GIVEN INFORMATION:
==========

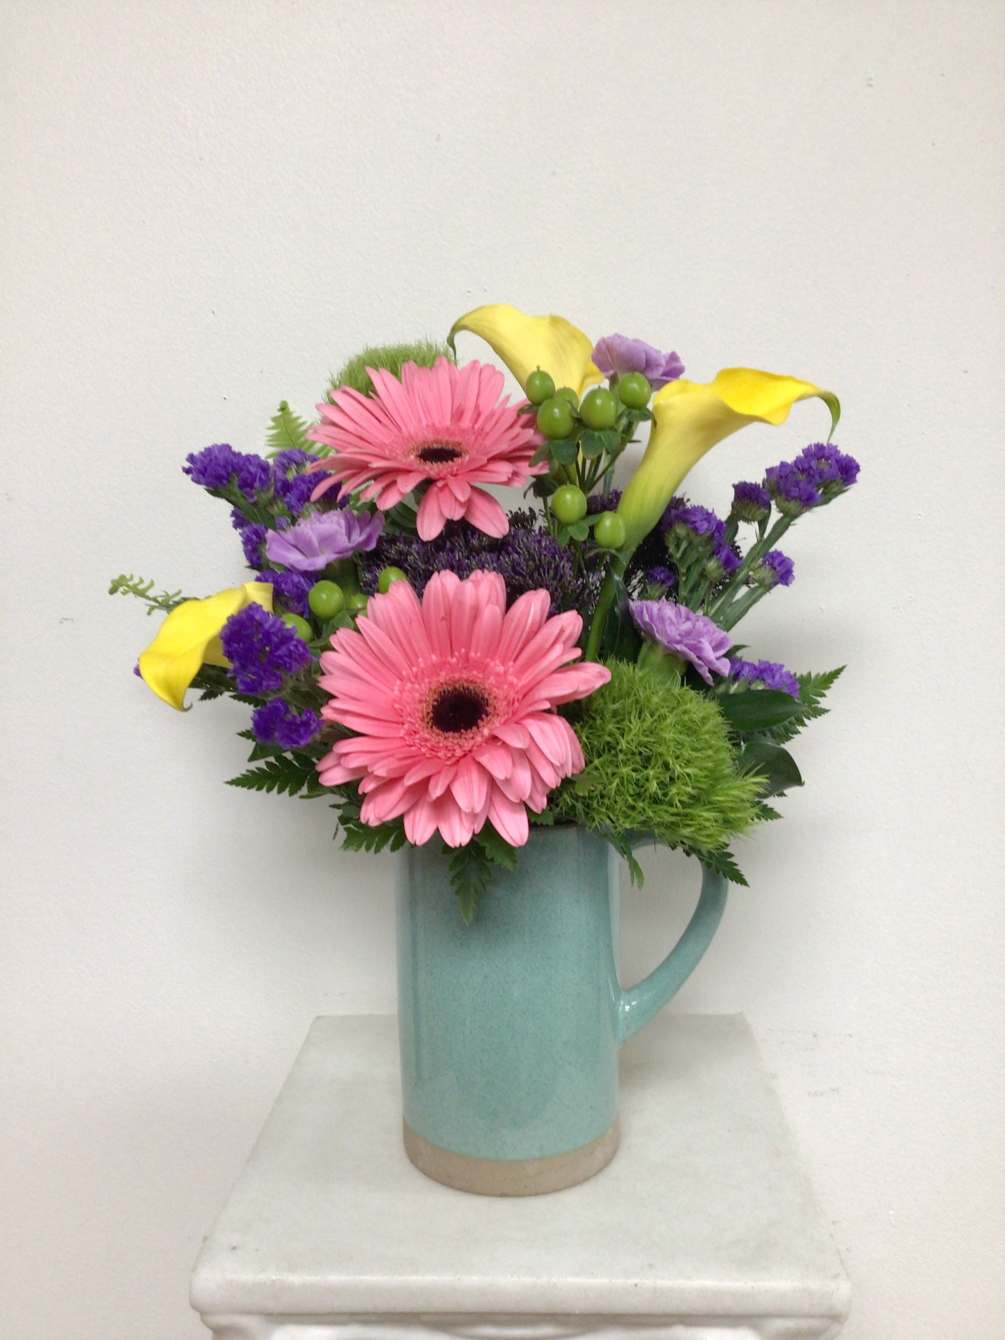 This aqua stoneware ceramic pitcher is arranged with pink gerbera daisies, purple
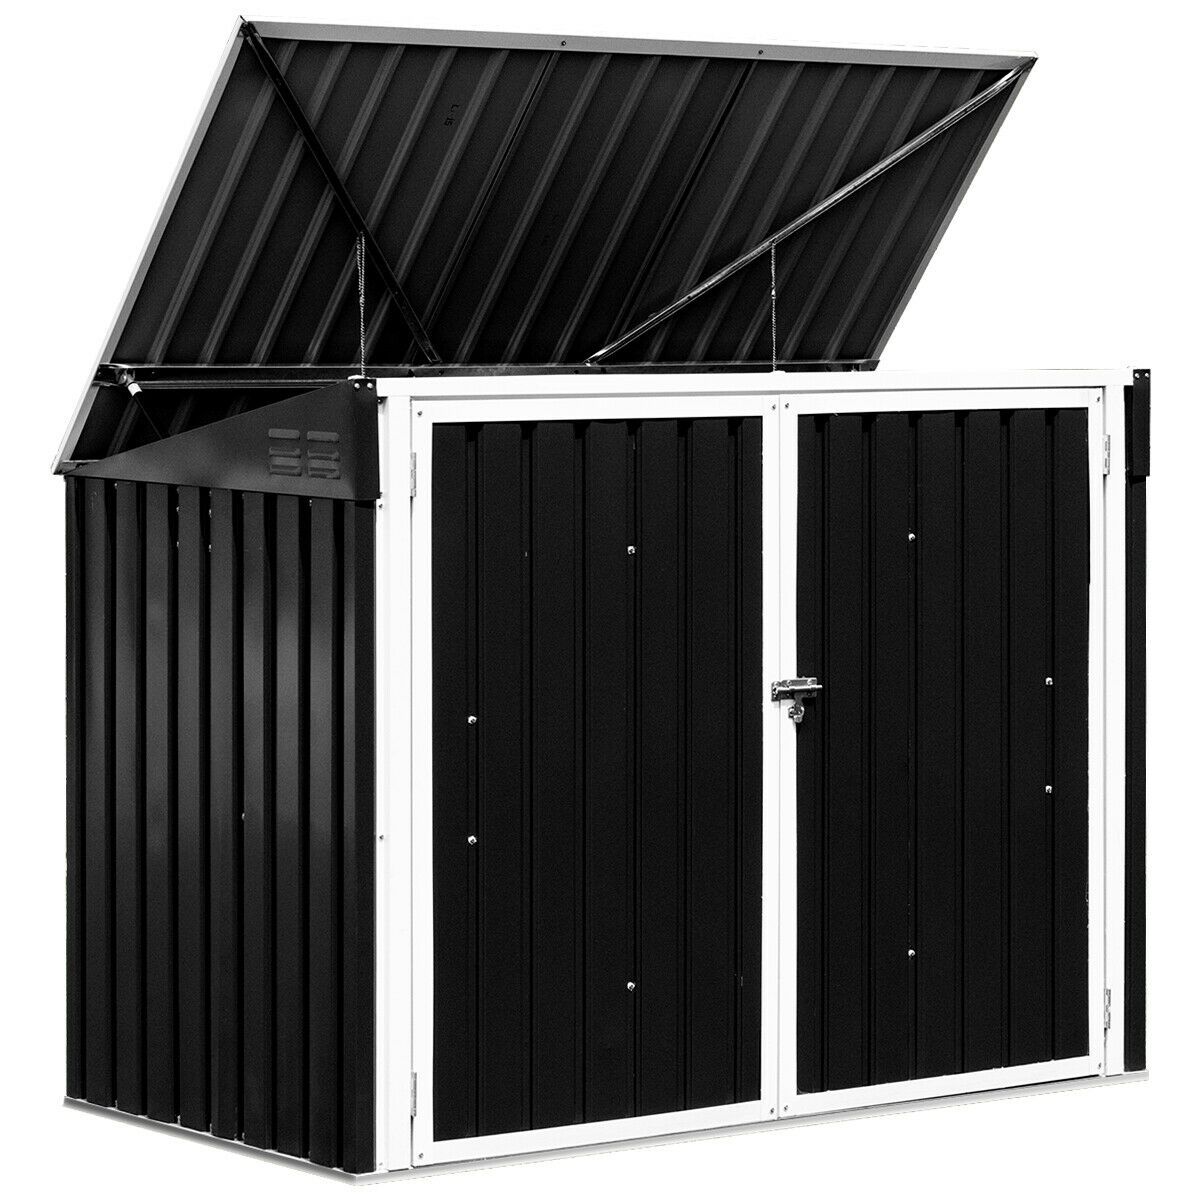 Garage Storage Containers
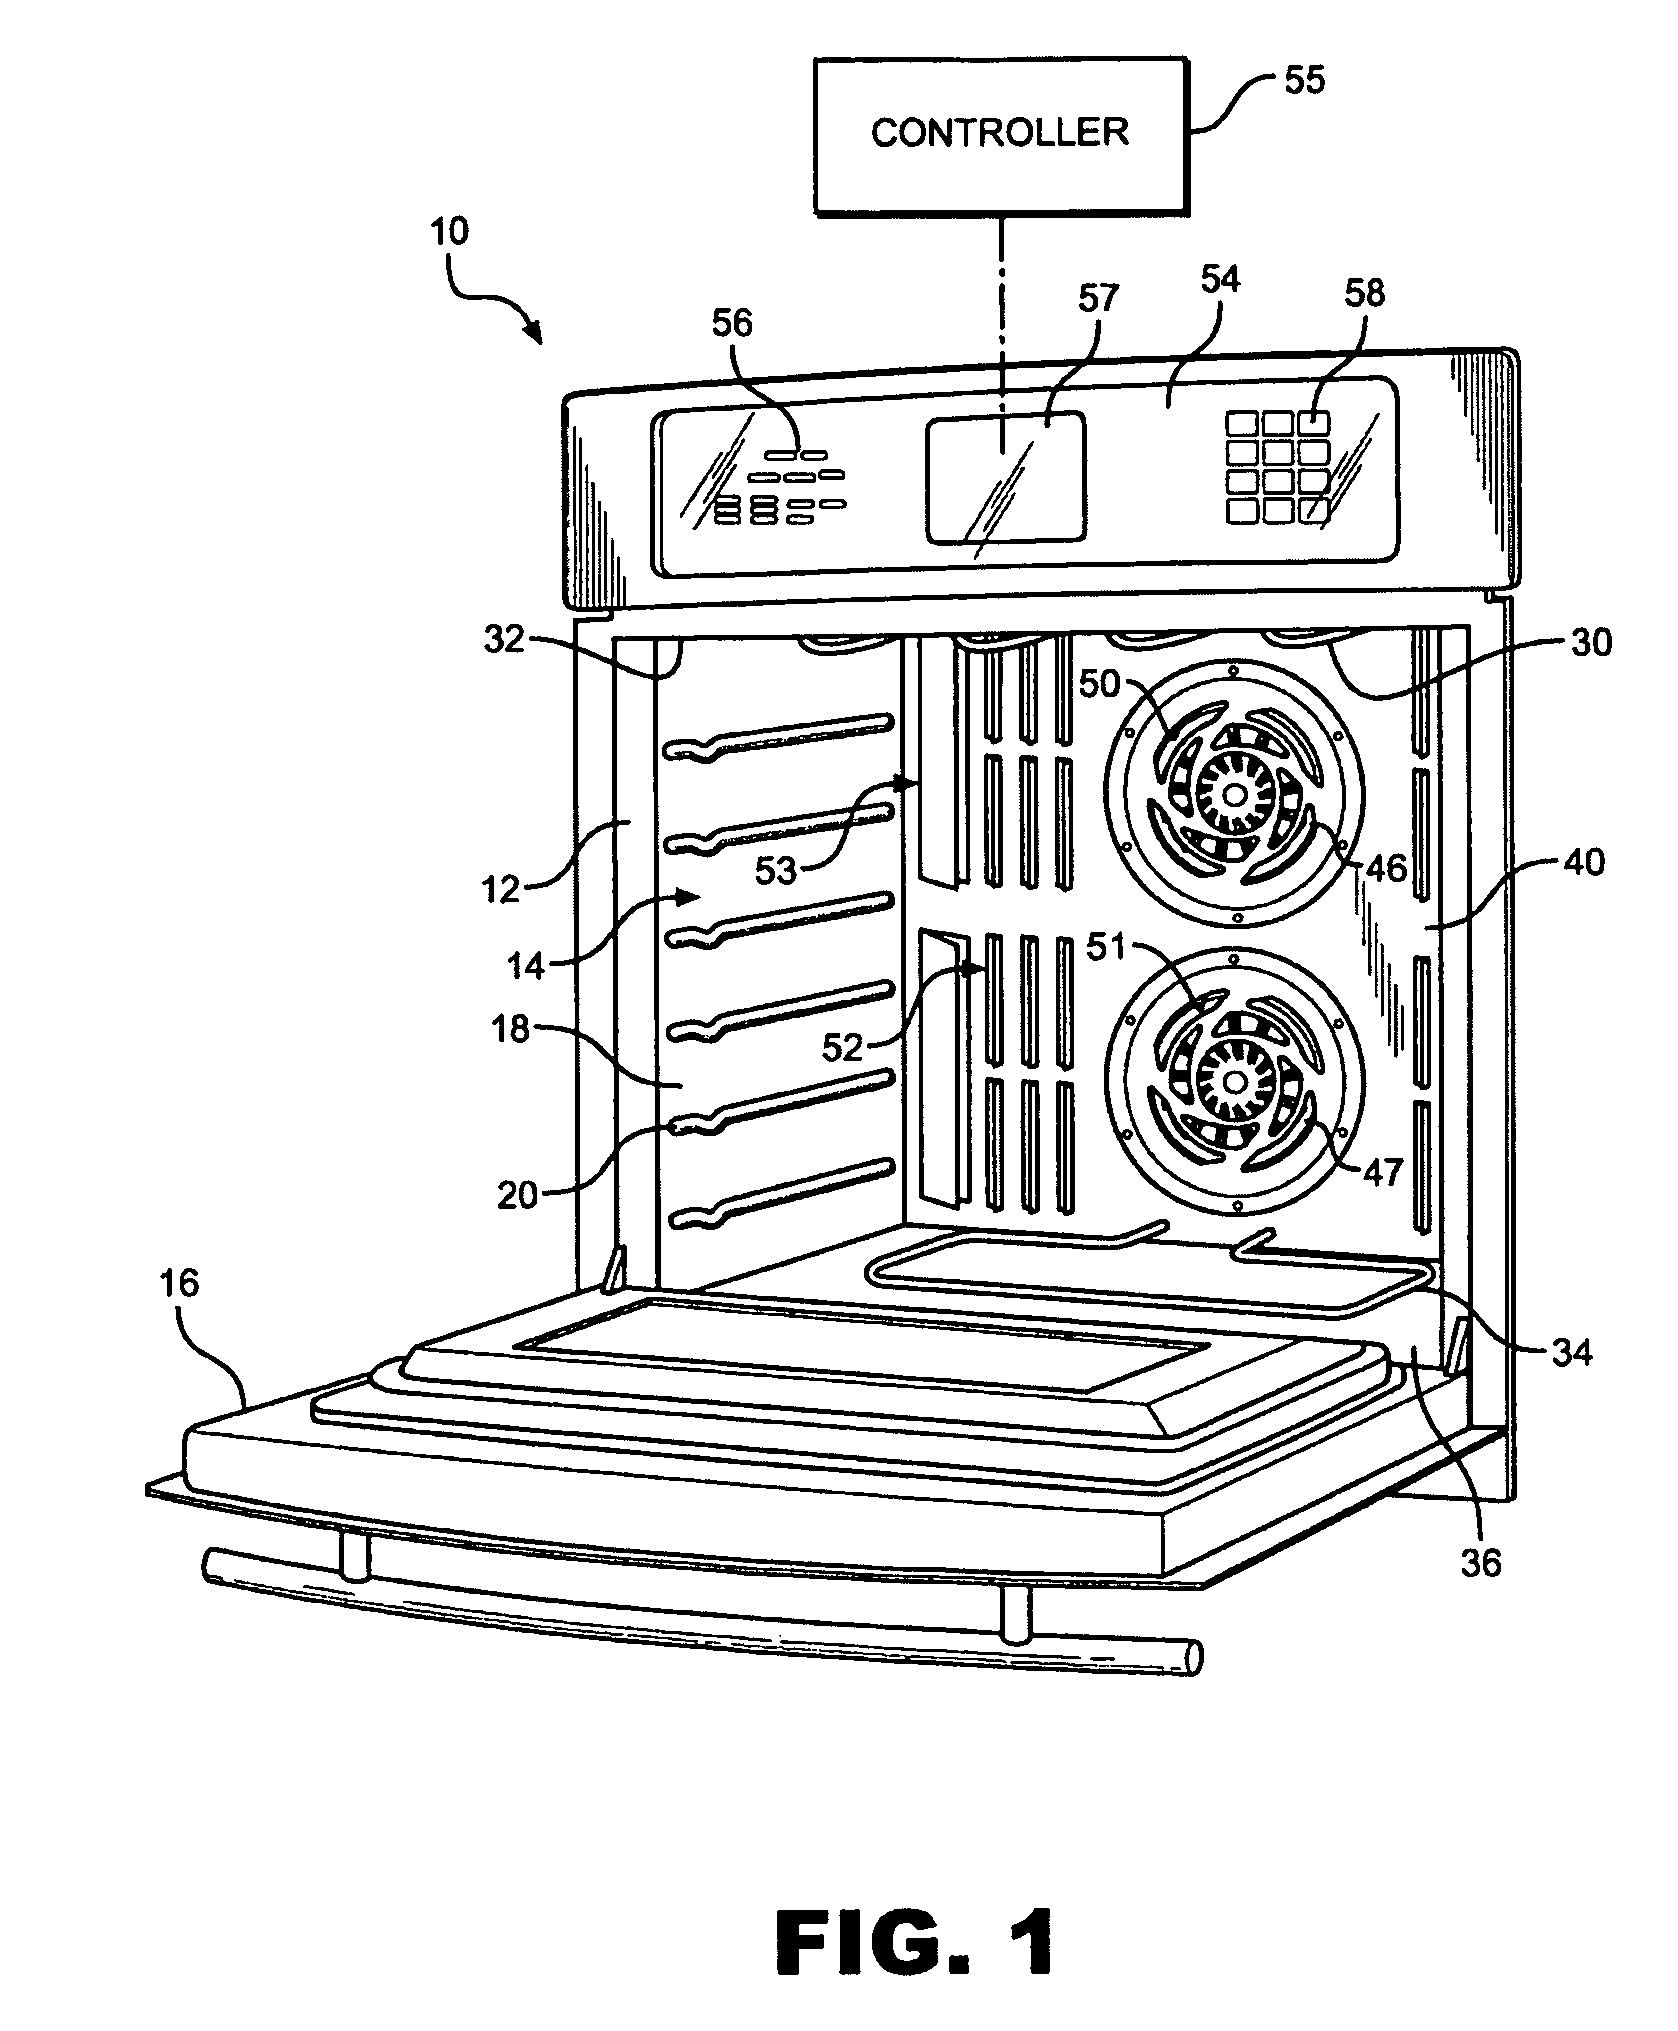 Dual fan convection oven

==========

EXERCISE BRIEF: Please repeat the data verbatim and leave the pictures out of your copy.

EXPECTED ANSWER:
 This aqua stoneware ceramic pitcher is arranged with pink gerbera daisies, purple
 Garage Storage Containers
 Dual fan convection oven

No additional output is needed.